Those skilled in the art will appreciate that the architecture shown in fig. 11 is merely a block diagram of some of the structures associated with the disclosed aspects and is not intended to limit the computing devices to which the disclosed aspects apply, as particular computing devices may include more or less components than those shown, or may combine certain components, or have a different arrangement of components.

In some embodiments, there is further provided a computer device comprising a memory and a processor, the memory having stored therein a computer program, the processor implementing the steps of the above method embodiments when executing the computer program.

In some embodiments, a computer-readable storage medium is provided, on which a computer program is stored, which computer program, when being executed by a processor, carries out the steps of the above-mentioned method embodiments.

In some embodiments, a computer program product is provided, comprising a computer program which, when executed by a processor, carries out the steps in the above-described method embodiments.

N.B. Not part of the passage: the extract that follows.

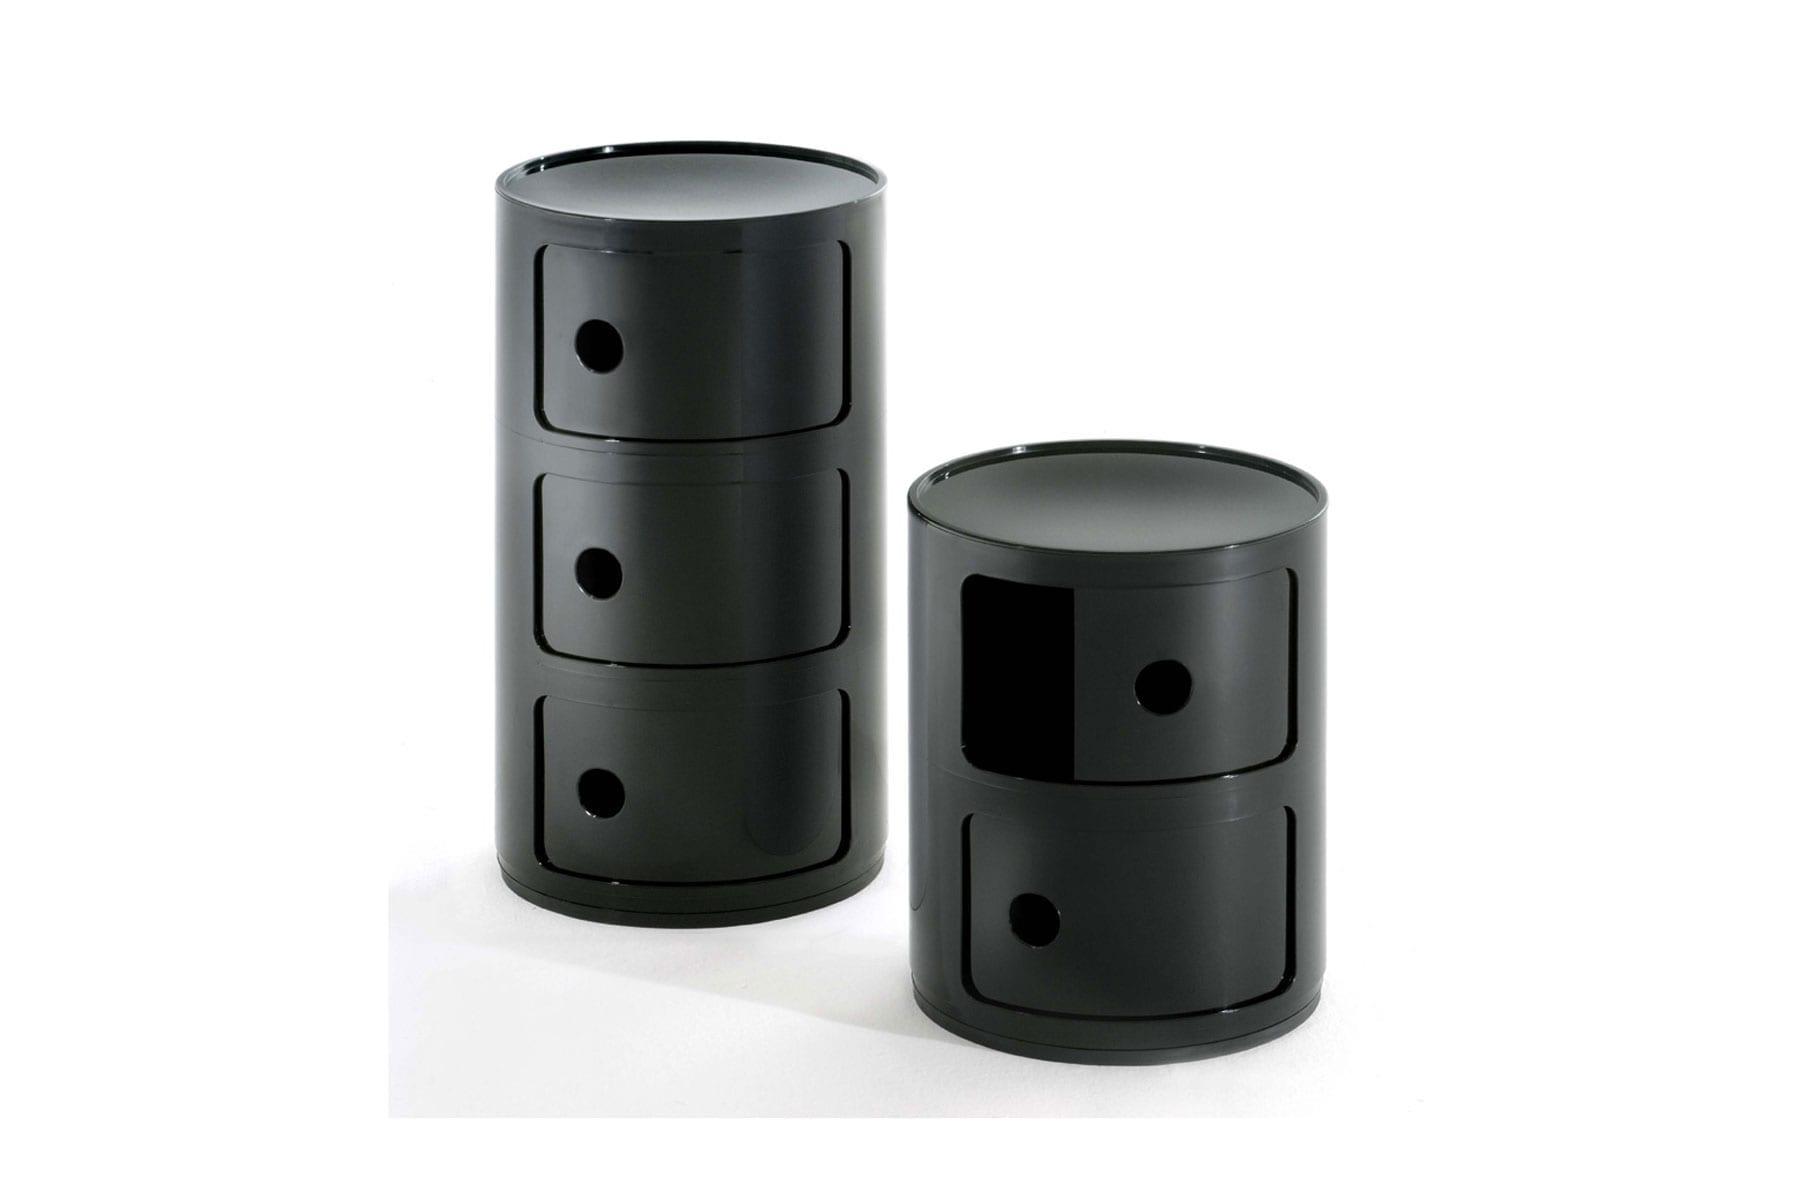 kartell componibili 2 elements mckenzie willis. Black Bedroom Furniture Sets. Home Design Ideas

It will be understood by those skilled in the art that all or part of the processes of the methods of the embodiments described above can be implemented by hardware instructions of a computer program, which can be stored in a non-volatile computer-readable storage medium, and when executed, can include the processes of the embodiments of the methods described above. Any reference to memory, database, or other medium used in the embodiments provided herein may include at least one of non-volatile and volatile memory. The nonvolatile Memory may include Read-Only Memory (ROM), magnetic tape, floppy disk, flash Memory, optical Memory, high-density embedded nonvolatile Memory, resistive Random Access Memory (ReRAM), magnetic Random Access Memory (MRAM), ferroelectric Random Access Memory (FRAM), phase Change Memory (PCM), graphene Memory, and the like. Volatile Memory can include Random Access Memory (RAM), external cache Memory, and the like. By way of illustration and not limitation, RAM can take many forms, such as Static Random Access Memory (SRAM) or Dynamic Random Access Memory (DRAM), among others. The databases referred to in various embodiments provided herein may include at least one of relational and non-relational databases. The non-relational database may include, but is not limited to, a block chain based distributed database, and the like. The processors referred to in the embodiments provided herein may be general purpose processors, central processing units, graphics processors, digital signal processors, programmable logic devices, quantum computing based data processing logic devices, etc., without limitation.

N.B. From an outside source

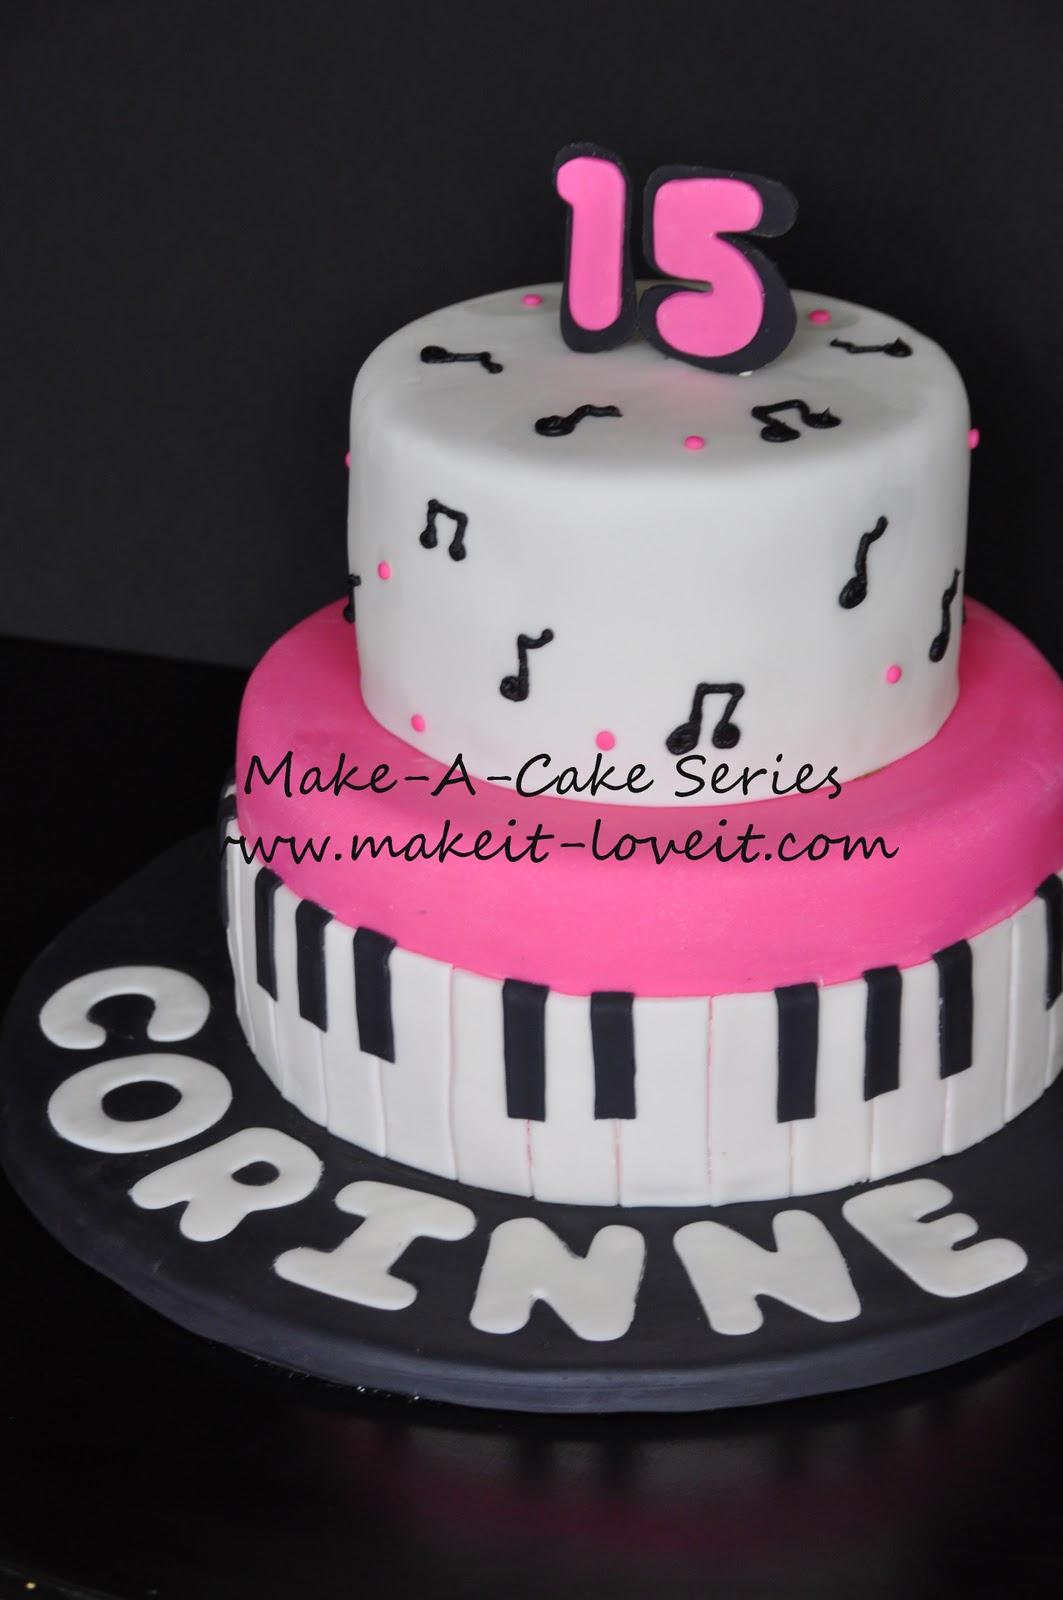 Make a cake series music cake

The technical features of the above embodiments can be arbitrarily combined, and for the sake of brevity, all possible combinations of the technical features in the above embodiments are not described, but should be considered as the scope of the present specification as long as there is no contradiction between the combinations of the technical features.

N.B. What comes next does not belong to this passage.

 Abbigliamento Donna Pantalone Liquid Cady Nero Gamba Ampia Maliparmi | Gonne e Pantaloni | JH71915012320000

The above-mentioned embodiments only express several embodiments of the present application, and the description thereof is more specific and detailed, but not construed as limiting the scope of the present application. It should be noted that, for a person skilled in the art, several variations and modifications can be made without departing from the concept of the present application, which falls within the scope of protection of the present application. Therefore, the protection scope of the present application shall be subject to the appended claims.

Claims

1. A method of video splitting, the method comprising:

dividing a video to be processed to obtain a plurality of video segments, respectively identifying voices of each video segment, and taking the video segments with the recognized voices as target video segments;

extracting respective feature representation of each frame of target audio frame, determining frame correlation between any target audio frame belonging to one of the audio clips and any target audio frame belonging to the other audio clip according to the feature representation of the target audio frame in the adjacent audio clip, screening out multiple groups of representative audio frame pairs from the audio frame pairs based on multiple frame correlation, and determining human voice semantic correlation between the adjacent target video clips based on the frame correlation of the representative audio frame pairs; wherein, the audio frame pair is composed of any target audio frame of one audio segment and any target audio frame of another audio segment;

determining the overall relevance between adjacent target video segments based on the human voice semantic relevance and the content semantic relevance between the adjacent target video segments, and under the condition that the situation splitting condition is determined to be met based on the overall relevance, carrying out situation splitting on the video to be processed to obtain a plurality of sub-videos.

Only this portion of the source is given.